Could treating injured raptors help lift a population?

Researchers found the work of rehabbers can have long-lasting benefits

When wildlife biologist John Goodell was investigating raptor deaths, he went to the people on the front lines. At Blue Mountain Wildlife, a rehabilitation facility in Pendleton, Oregon, executive director Lynn Tompkins and her team had been treating a growing number of hawks, eagles and owls for lead poisoning, as well as more typical injuries from run-ins with cars, cats and windowpanes.

The center was far busier than Goodell imagined. When he asked Tomkins for the numbers of raptors they had treated, she replied with a spreadsheet listing thousands of birds.

“This one rehab center was treating up to 600 raptors a year in this one town in Oregon,” said Goodell.
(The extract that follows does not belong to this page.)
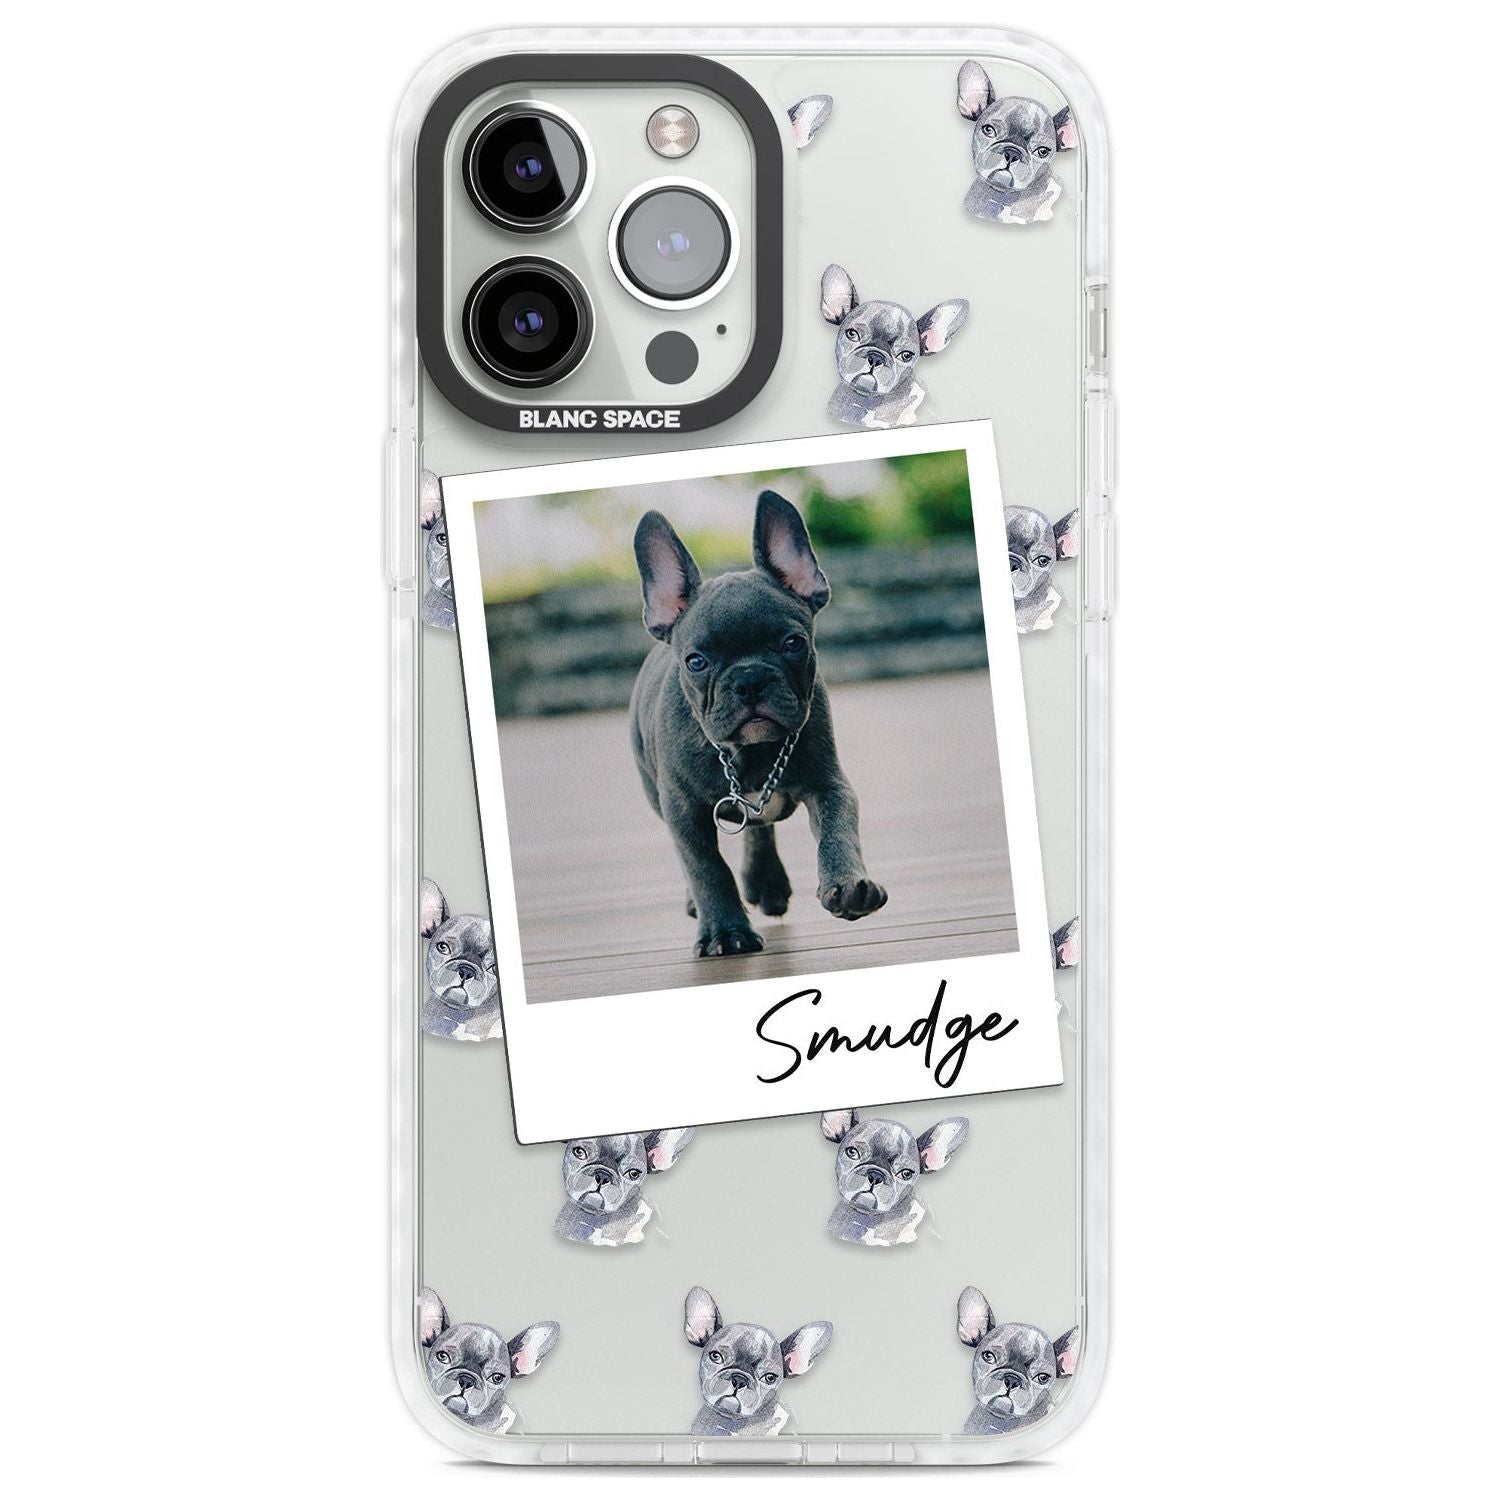 Personalised French Bulldog, Grey - Dog Photo Custom Phone Case iPhone 13 Pro Max / Impact Case,iPhone 14 Pro Max / Impact Case Blanc Space

Now the executive director at The Archives of Falconry, he was natural history curator of the High Desert Museum near Bend, Oregon, at the time.

If that was typical, facilities across the Pacific Northwest must be treating tens of thousands of birds, he realized. Across the U.S., the numbers must be even more dramatic.

“This big lightbulb went off,” he said. Rehabilitation—a sector of wildlife work that he, like many of his colleagues, had written off as feel-good work with little ecological benefit—may have far greater consequences than he thought.

“Is this a blind spot of wildlife professionals? We tend to have a dismissive attitude toward addressing individual animal welfare,” he said.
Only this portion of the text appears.